Islamabad is determined to continue the implementation of the Iran-Pakistan (IP) gas pipeline project, Pakistani Minister for Petroleum and Natural Resources Shahid Khaqan Abbasi said.
Abbasi said that Iran-Pakistan gas project would be completed in the stipulated time.
He informed the National Assembly, or Lower House of the parliament, that, otherwise, Pakistan is bound to purchase Gas from Iran by January 1, 2015.
He said despite a number of hurdles, the government is committed to complete the gas pipeline project within the stimulated period.
Abbasi said the government is working on a number of projects to overcome the oil and gas shortage in the country, adding that the programs include enhancement of indigenous gas production‚ import of gas from Iran and Turkmenistan‚ import of LNG from Qatar and promotion of LPG air mix.
He added that Pakistan has entered gas sales purchase agreement with Iran and Turkmenistan and the work for completion of the projects is underway.
Iran and Pakistan officially inaugurated the construction phase of a gas pipeline project in March which is due to take Iran's rich gas reserves to the energy-hungry South Asian nation.

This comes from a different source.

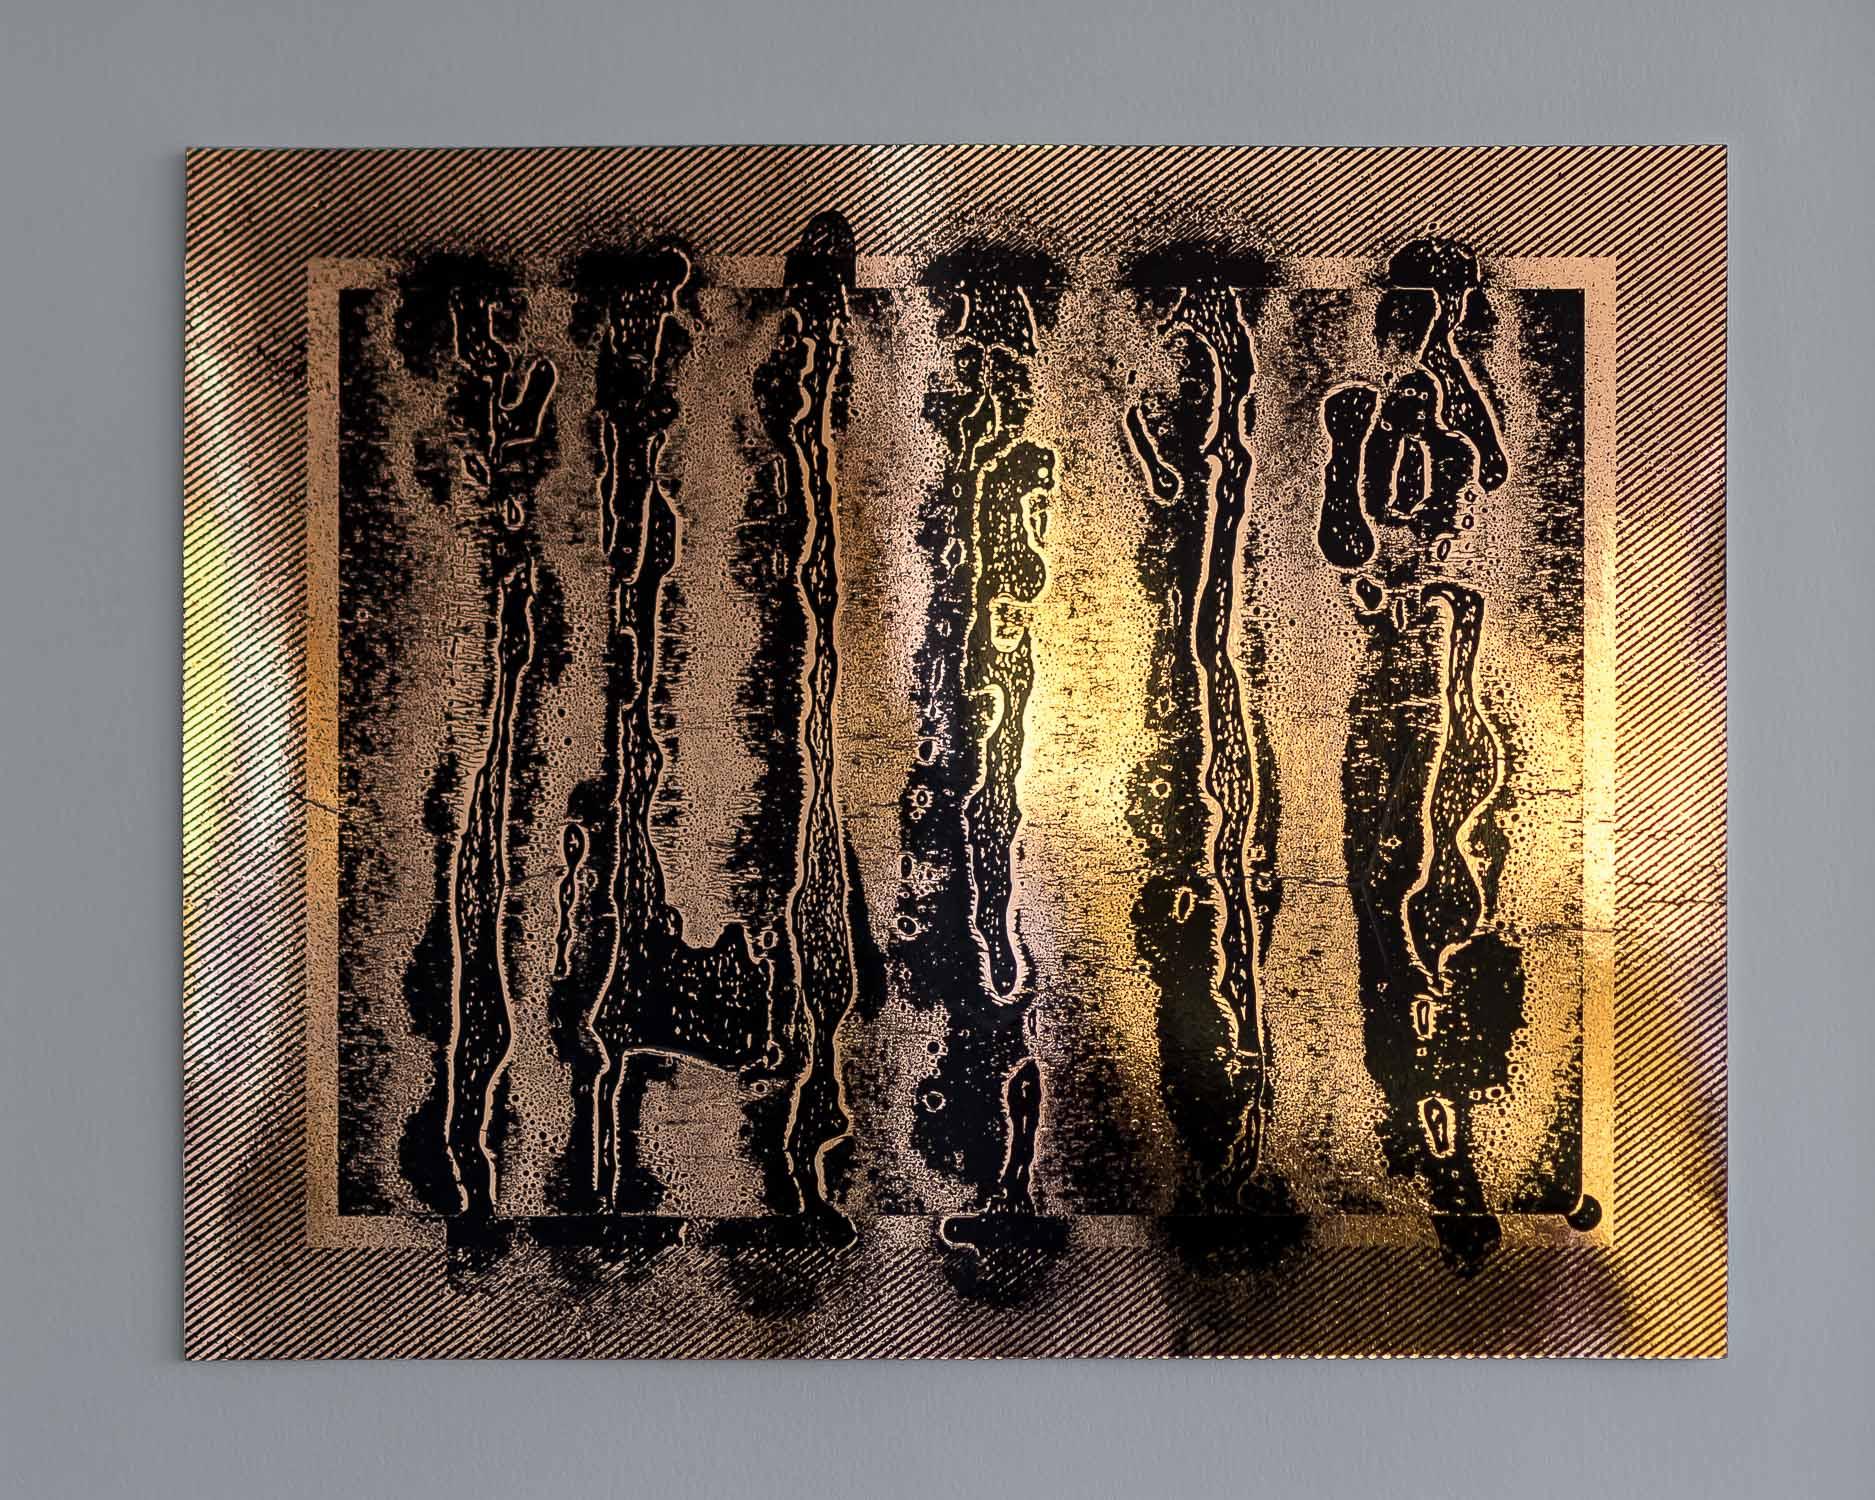 mclark_artwork_web_sold-21.jpg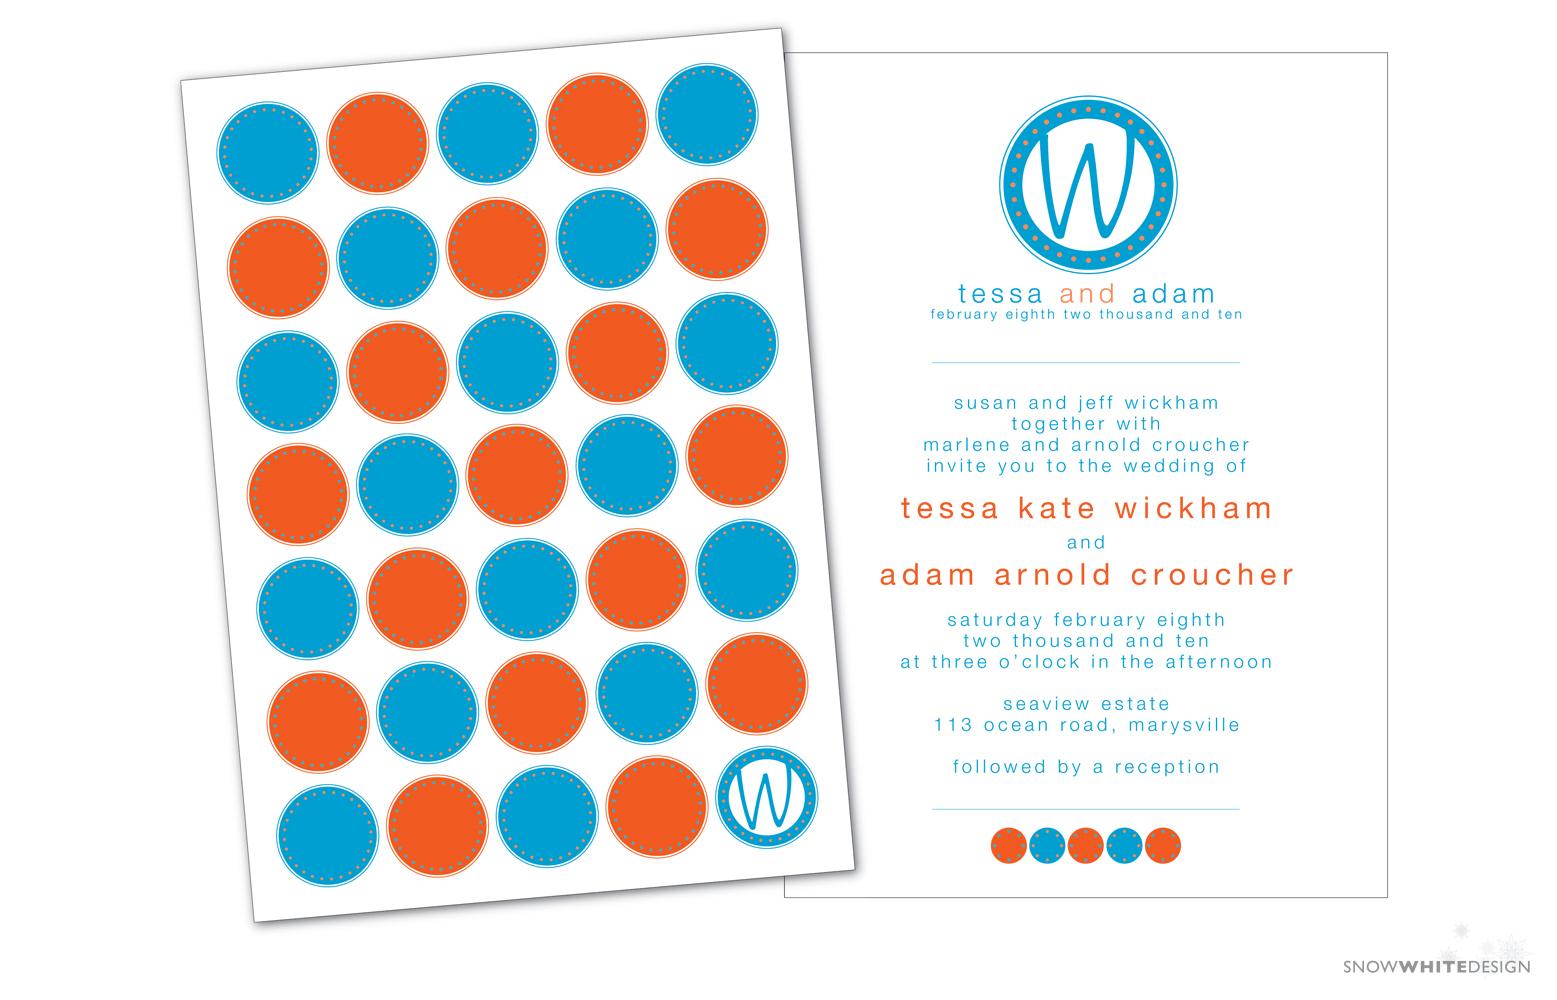 DIY, Stationery, white, orange, blue, invitation, Invitations, Monogram, Pumpkin, Teal, Design, Invite, Snow, Circle, Snow white design

The project kicked off in a ceremony attended by former Iranian President Mahmoud Ahmadinejad and his former Pakistani counterpart Asif Ali Zardari at the two countries' shared border region in Iran's Southeastern city of Chabahar.
The 2700-kilometer long pipeline was to supply gas for Pakistan and India which are suffering a lack of energy sources, but India has evaded talks. In 2011, Iran and Pakistan declared they would finalize the agreement bilaterally if India continued to be absent in the meeting.
Iran has already constructed more than 900 kilometers of the pipeline on its soil.
According to the project proposal, the pipeline will begin from Iran's Assalouyeh Energy Zone in the south and stretch over 1,100 km through Iran. In Pakistan, it will pass through Baluchistan and Sindh but officials now say the route may be changed if China agrees to the project.